The convergence curves of the average best cost values are displayed in Figure 5, Figure 6 and Figure 7. In the first scenario, it can be seen that DE, FOA, and IFFO show inferior convergence. MFOA achieves a faster convergence speed and smaller cost than MSFOA in the early stages. However, in the later iterations when most algorithms come to stagnation, MSFOA still shows the ability to search for better solutions.
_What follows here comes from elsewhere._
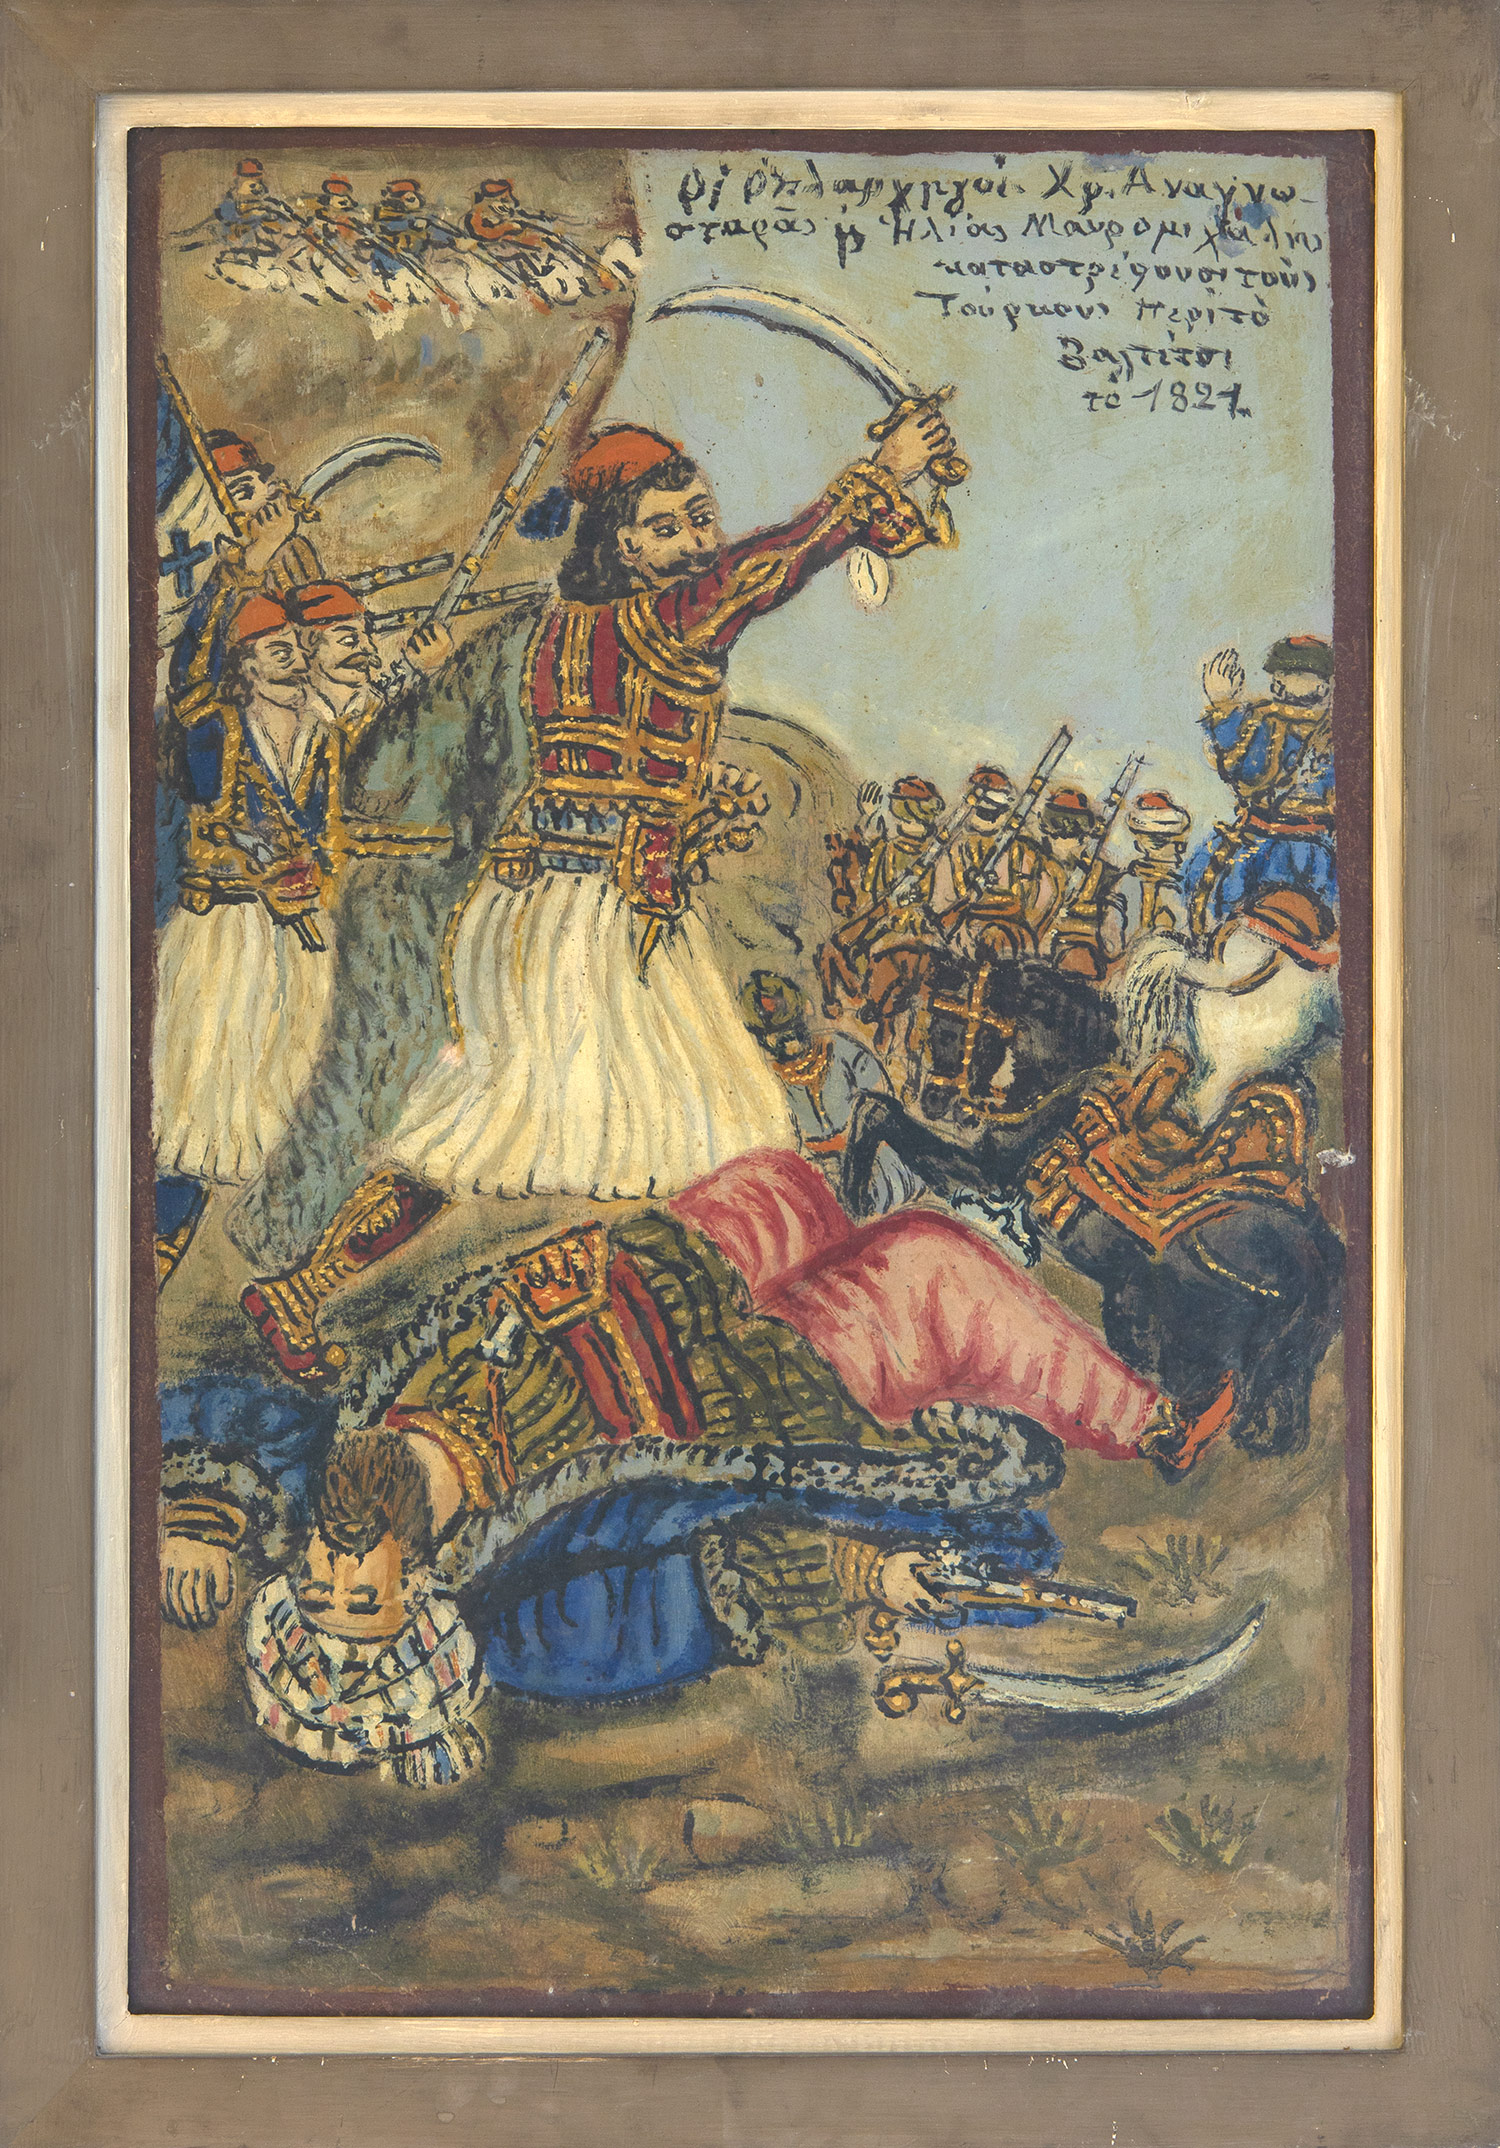 Οι οπλαρχηγοί Χρ. Αναγνωσταράς και Ηλίας Μαυρομιχάλης καταστρέφουν τους Τούρκους περί το Βαλτέτσι το 1821

The searching range decreases as the cost value decreases below the threshold, which can improve the local searching ability near the optimal solution, and thus leads to the best global convergence of the algorithms.

In

Table 3. The statistical results of cost of the path in different scenarios.
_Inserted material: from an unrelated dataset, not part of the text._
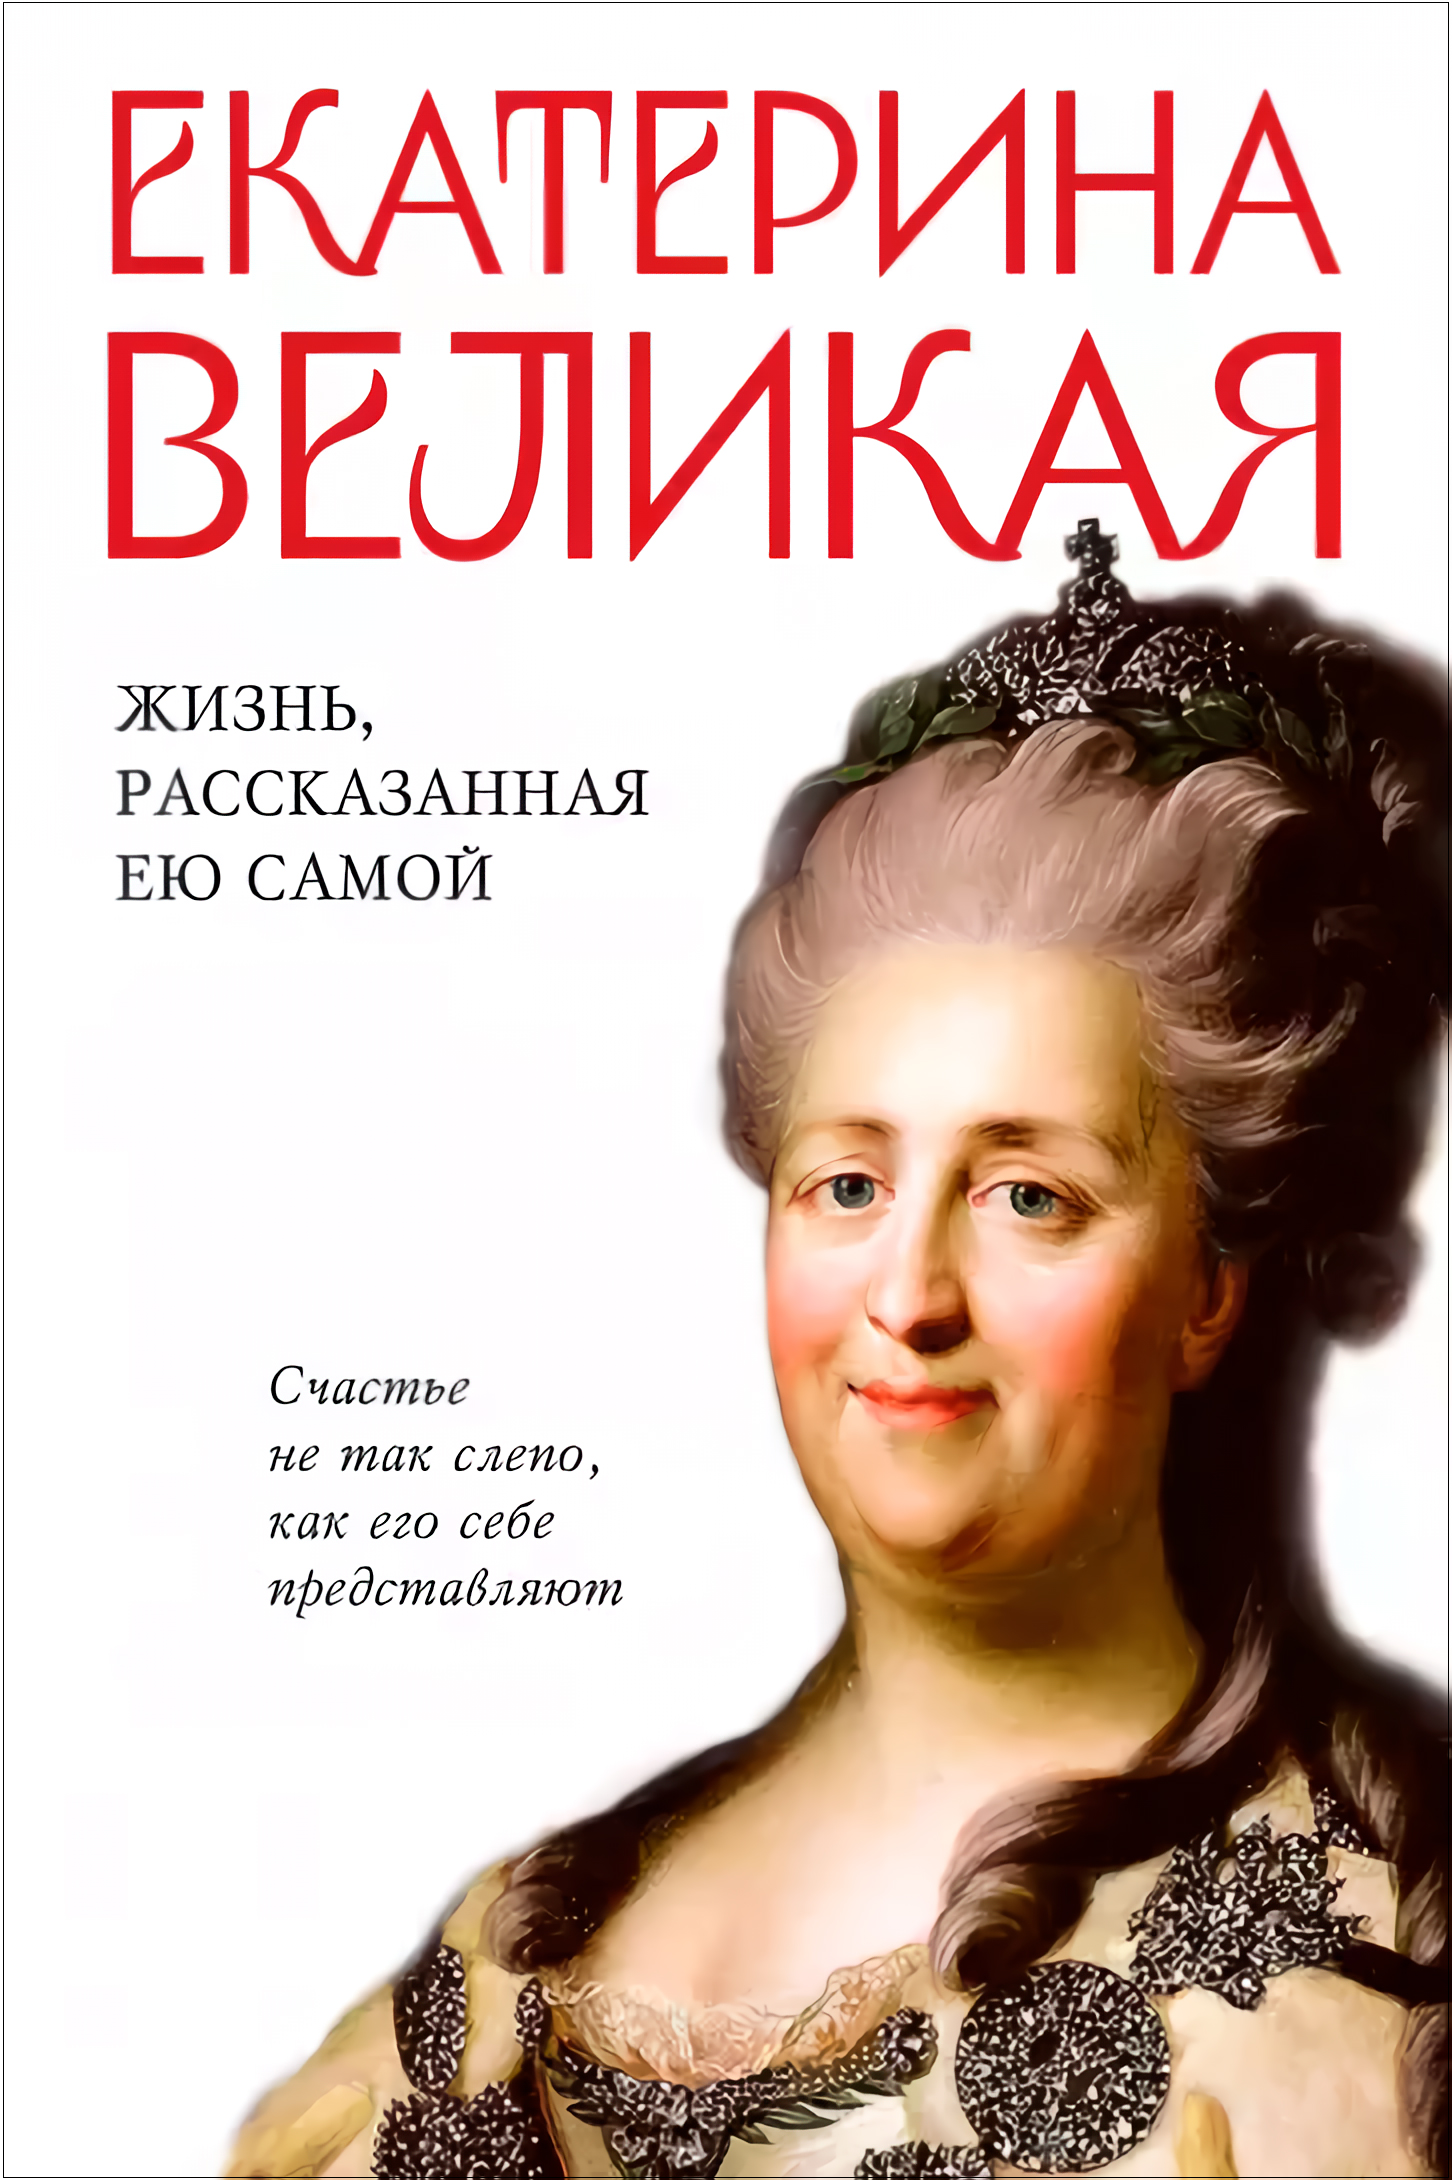 Екатерина Великая: Жизнь, рассказанная ею самой

Algorithm	First Scenario			Second Scenario			Third Scenario
	Best	Average	Median	Best	Average	Median	Best	Average	Median
MSFOA	404.37	490.23	466.56	382.95	485.46	505.18	440.71	504.20	492.95
FOA	507.15	708.73	698.53	520.27	755.35	693.81	730.46	1001.69	993.81
PSO	485.14	797.76	754.04	520.27	755.35	693.81	628.71	953.93	954.92
DE	561.53	674.52	665.62	655.81	761.37	768.37	664.59	809.74	815.48
ABC	411.16	503.64	497.22	401.02	516.94	520.93	457.45	589.69	591.39
IFFO	497.29	859.11	860.97	547.44	928.37	908.26	589.85	953.56	934.38
MFOA	417.07	495.04	493.33	388.33	482.81	475.26	465.87	566.83	564.83

, the best, median, and average of the cost values of the sum for three UAVs are recorded. The best values are highlighted using boldface. From this table, it can be seen that MSFOA achieves the smallest cost value in the first and third scenario and the second smallest in the second scenario. MFOA obtains a smaller average and median in the second scenario, but the distributed interval of solutions obtained by MFOA in Figure 3 is evidently worse than that obtained by MSFOA. Comprehensively comparing the statistical data of all algorithms in the three scenarios, MSFOA still shows its superiority to other algorithms in terms of searching ability and stability.

5. Conclusions

This paper proposed an MSFOA for cooperative path planning of multi-UAVs over three-dimensional rugged terrain. In order to ensure the convergence speed and avoid local optimization, we have improved this in many ways. The multi-swarm strategy is used to increase the searching ability of the algorithm. In order to make use of any searching information effectively, we proposed the competition strategy of offspring, which ensures the efficient use of searching information and avoids falling into local optimum. In order to plan the flight path for multi-UAVs and avoid the collision between UAVs, we proposed a method to detect the collision between UAVs. Several simulations have shown the effective performance of the proposed approach. This paper proposed a method which can be used for multi-UAV path planning and can solve the high-dimensional function optimization problem. It can be widely used in the field of robotics. In addition, the parameters and sub-swarm amount usually affect the searching performance, and this may be improved in further work.